Exercise description: Using the material below, repeat exactly the lines from the one with "Prada PR 55TS" through the one with "NATIVE Sohvapöytä 85 Musta/Tammi", ends included, without any images.

Available records section start

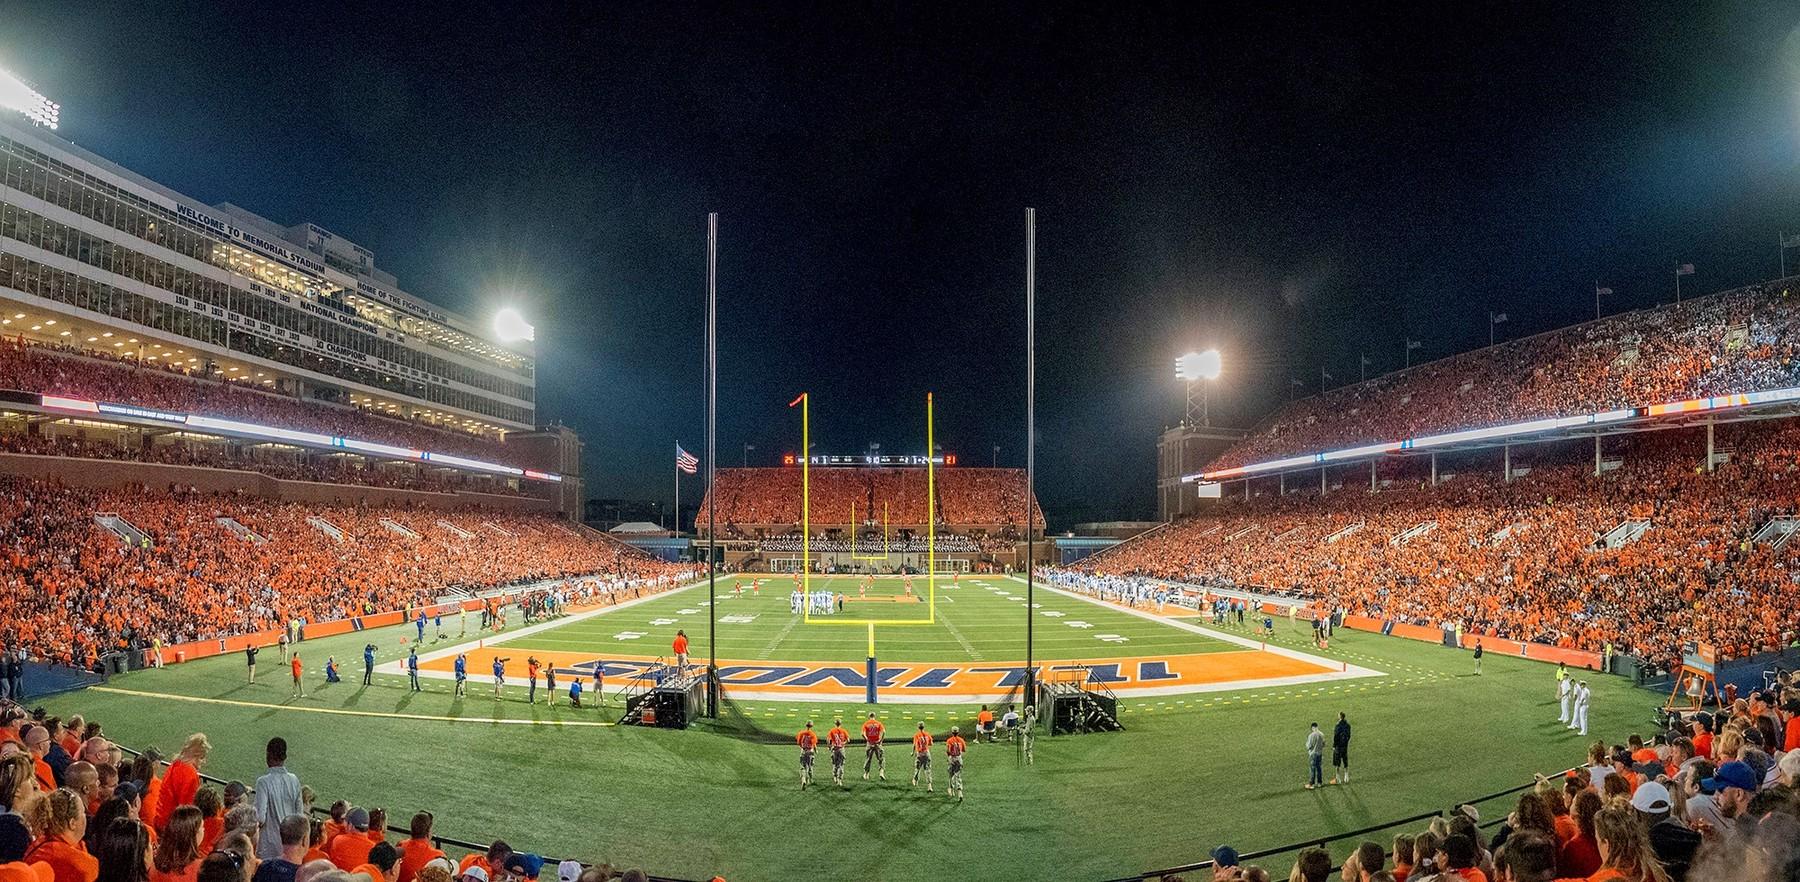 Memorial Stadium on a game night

Available records section end
Available records section start

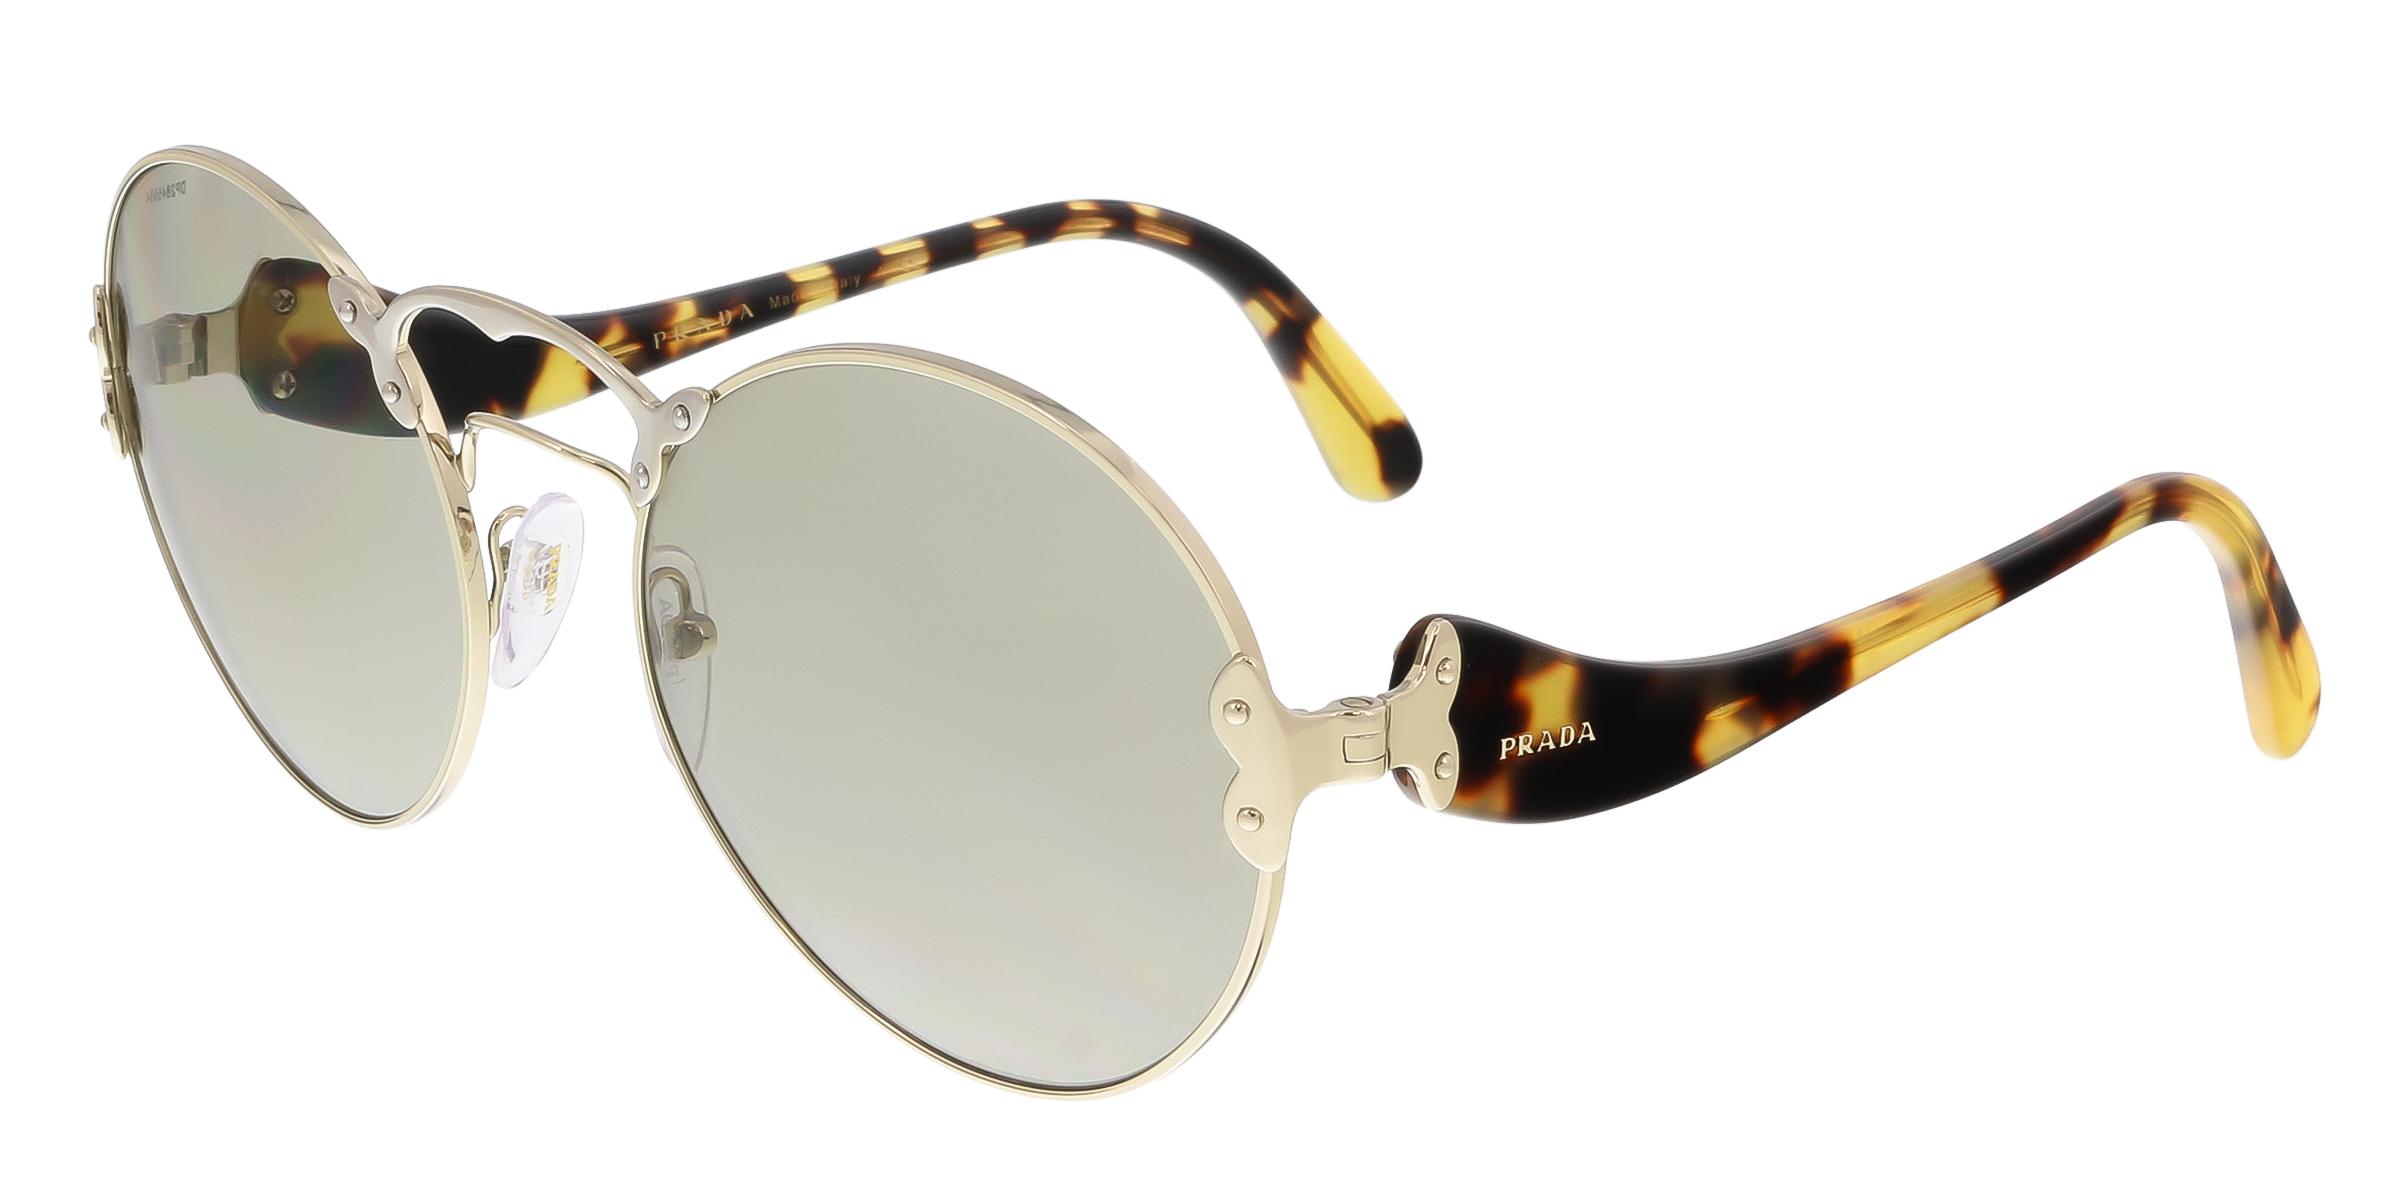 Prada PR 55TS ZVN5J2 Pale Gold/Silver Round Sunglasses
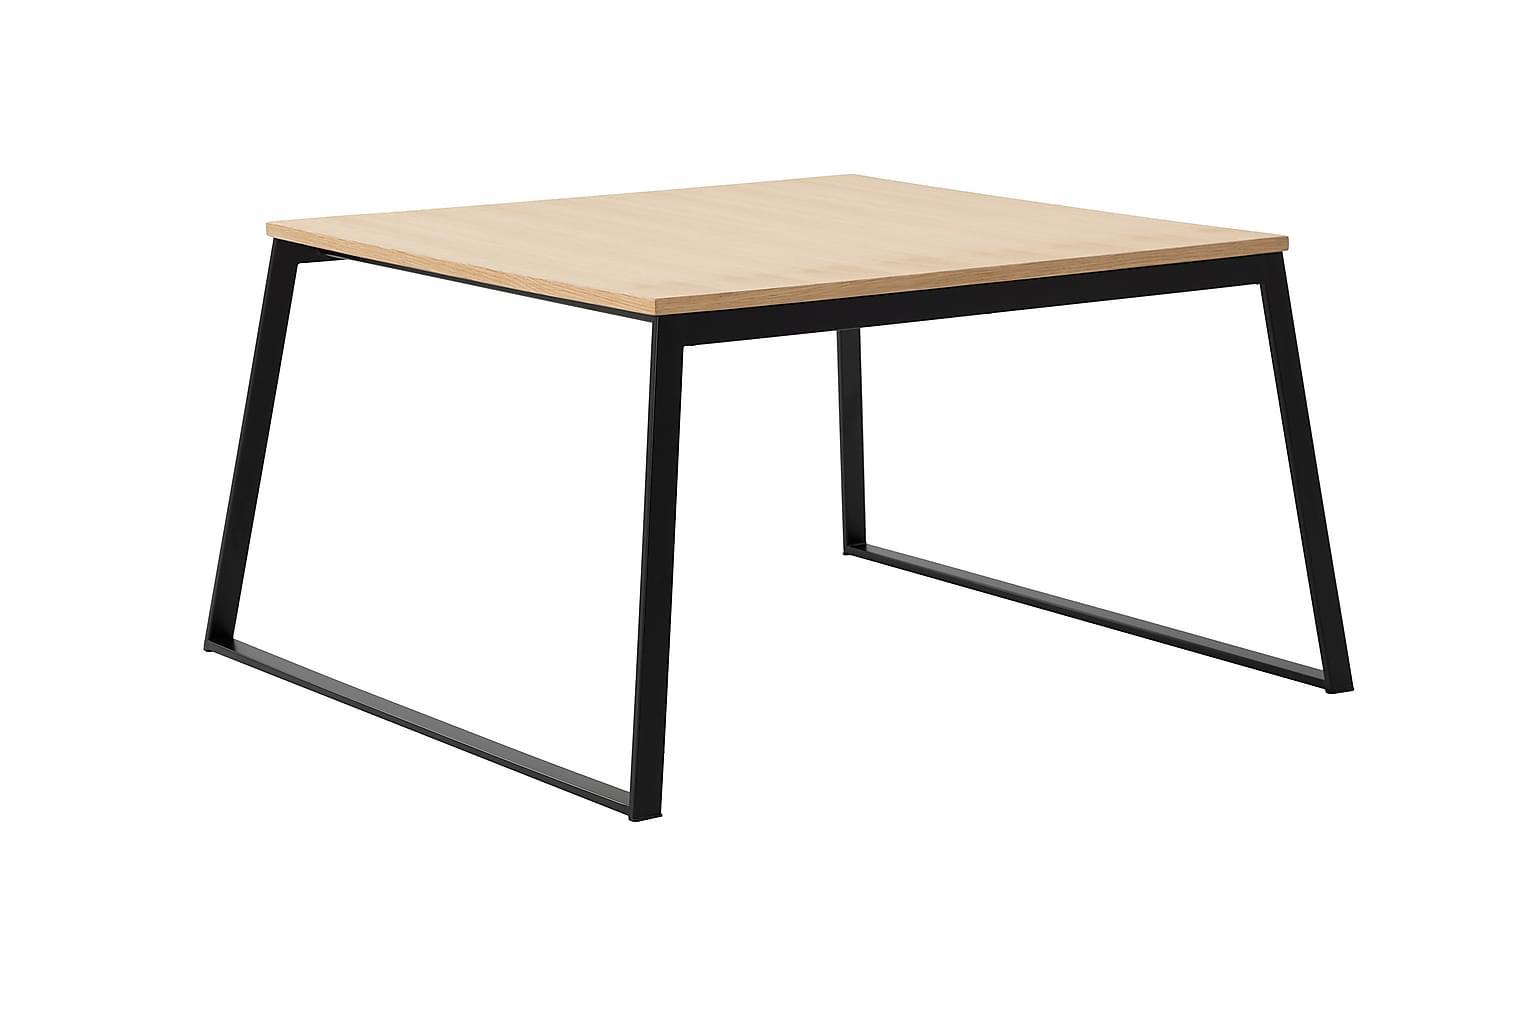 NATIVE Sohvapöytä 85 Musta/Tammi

Available records section end
Available records section start

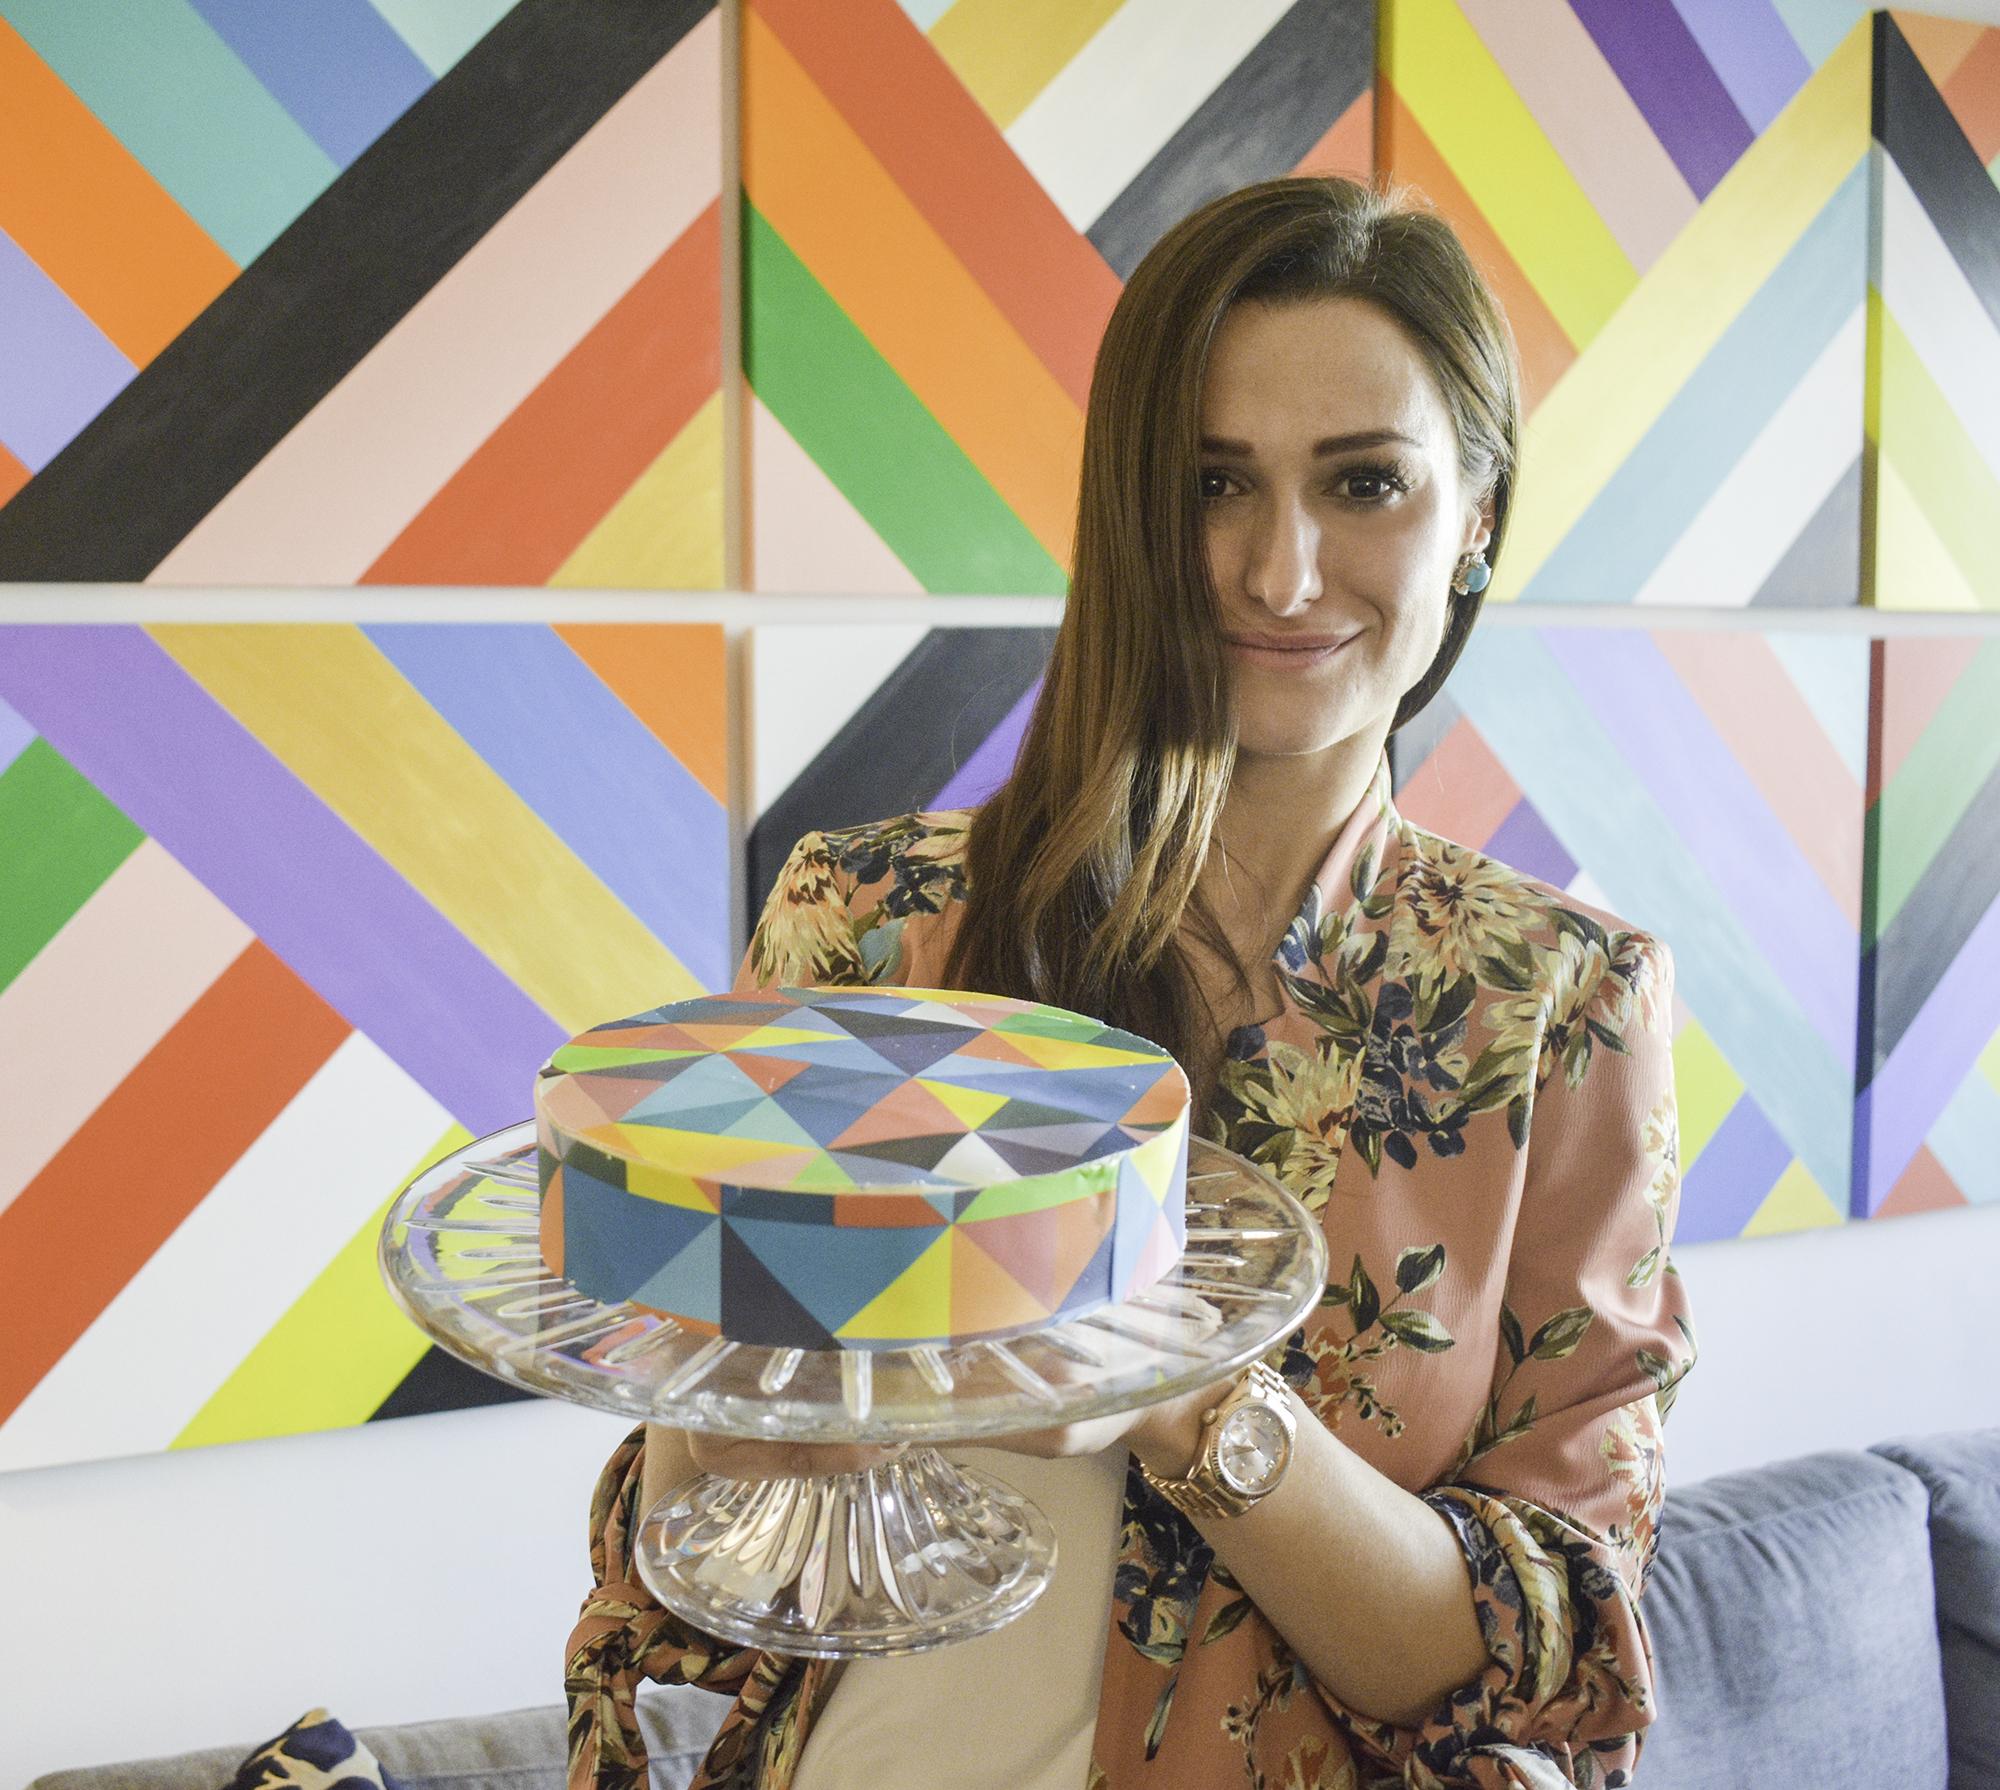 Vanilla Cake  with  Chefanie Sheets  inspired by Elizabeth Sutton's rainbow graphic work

Available records section end

Your response:
 Prada PR 55TS ZVN5J2 Pale Gold/Silver Round Sunglasses
 NATIVE Sohvapöytä 85 Musta/Tammi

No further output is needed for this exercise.